I just bought my first Freud 'carpentry' blade for the circ. saw. The jury is still out..they're not cheap.
I've been buying Dimar router bits (online) for the last couple of years because that's the simplest solution...the selection up here, in my bricks and mortar stores, is pretty pathetic. LV sells a nice selection, but they don't say much about where they get them(?). Anybody have any input on Lee Valley bits?
I don't even know who _carries_ Whiteside, North of 49! Most US brands aren't stocked. No idea why; they should be Duty Free.


----------



## Cherryville Chuck (Sep 28, 2010)

DaninVan said:


> Mike; I'm in a small town...Freud or Trade-A-Blade are pretty much my only options up here. I have to do my serious buying in Vancouver (or online).
> I just bought my first Freud 'carpentry' blade for the circ. saw. The jury is still out..they're not cheap.
> I've been buying Dimar router bits (online) for the last couple of years because that's the simplest solution...the selection up here, in my bricks and mortar stores, is pretty pathetic. LV sells a nice selection, but they don't say much about where they get them(?). Anybody have any input on Lee Valley bits?
> I don't even know who _carries_ Whiteside, North of 49! Most US brands aren't stocked. No idea why; they should be Duty Free.

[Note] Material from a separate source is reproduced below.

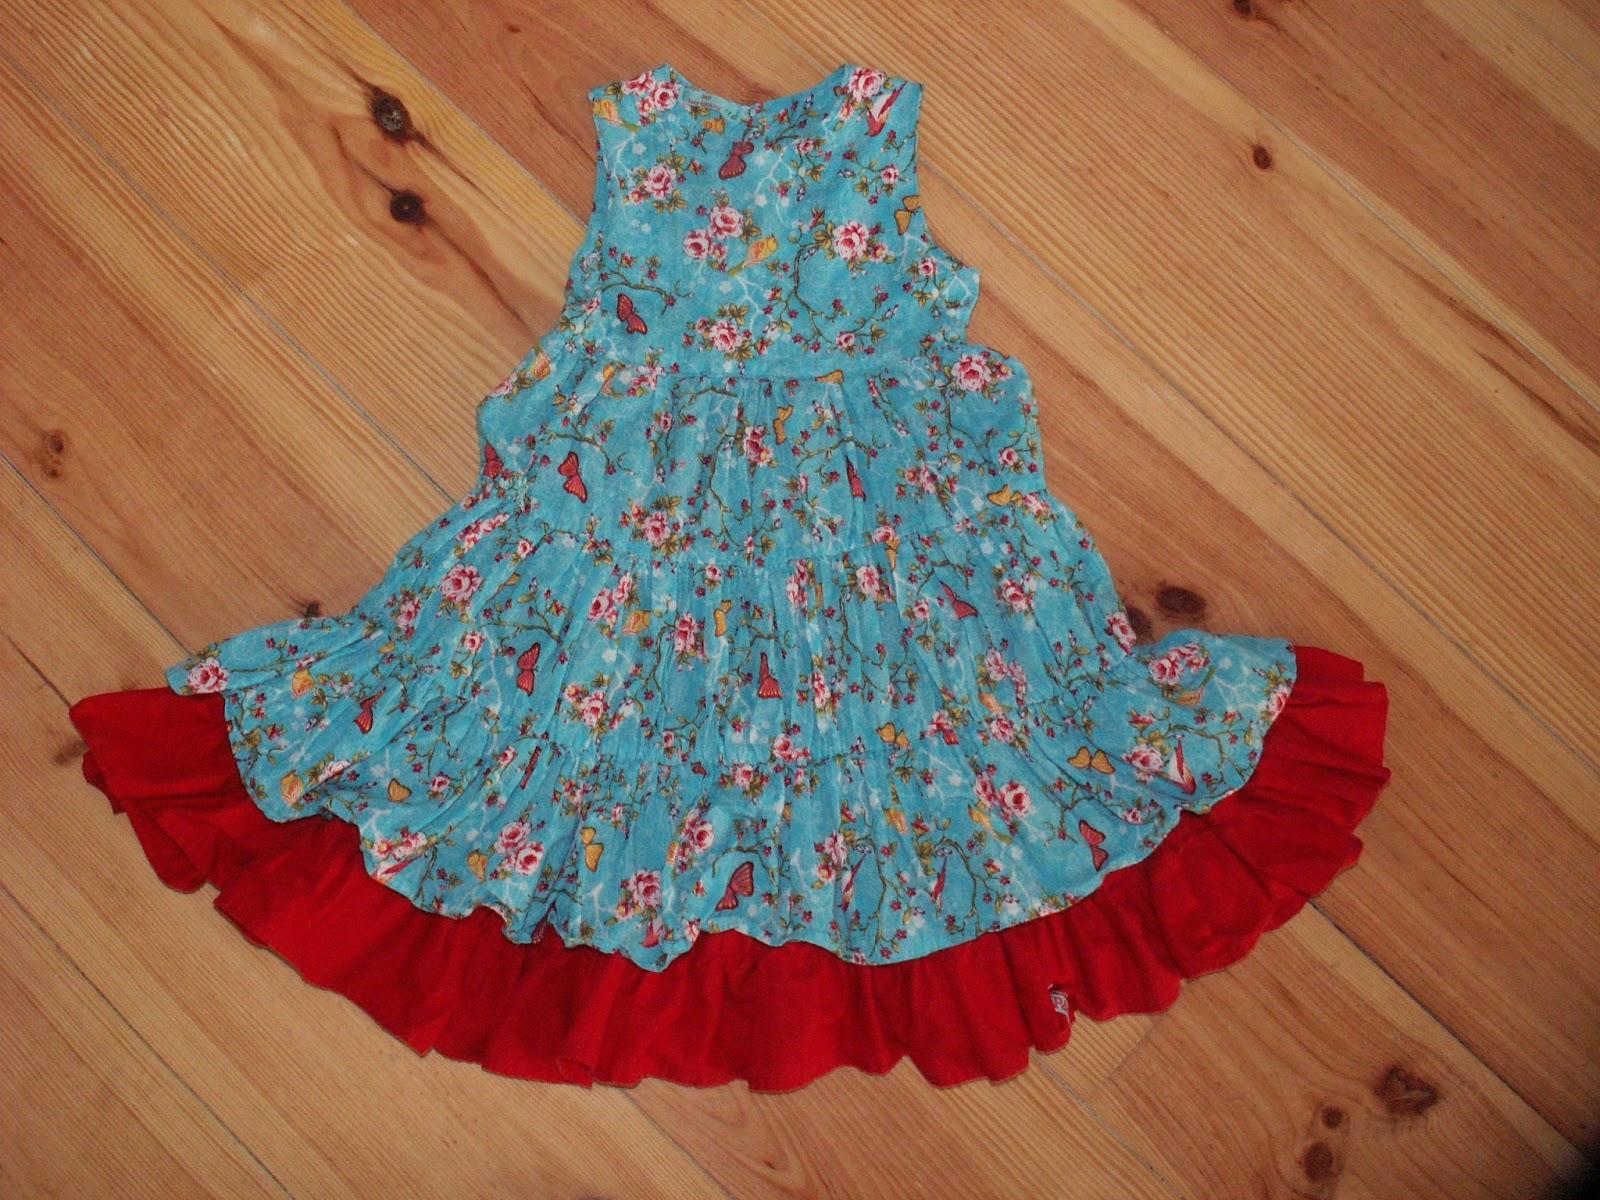 Dress, turqoise, red, butterflies, birds, twirl

LV bits are made in Taiwan but are pretty decent quality, they are made to LV's specs. I have a few and they are fairly durable and sharp. Not everything over there is junk, there is some good stuff. I would say that LV's bits are a good buy for the money, not top of the line but not the most expensive either. Dimars are good but they are pricey.

I have some Freud saw blades and they are very good and last a long time but the best blades I have used to date are Onsrud's. Unfortunately, I think they may have quit making them as I don't see them in their online catalog and they seemed to be unloading them on ebay (at fire sale prices). BJ says he bought 8 and I must have bought just about the same.


----------



## violainePhil (Jul 19, 2013)

thanks guys for chiming!

haha, don't worry Mike dear as I wont be replacing my Whiteside inlay bits and Akeda dovetail bits (the only licensed manufacturer for the Akeda bits iirc)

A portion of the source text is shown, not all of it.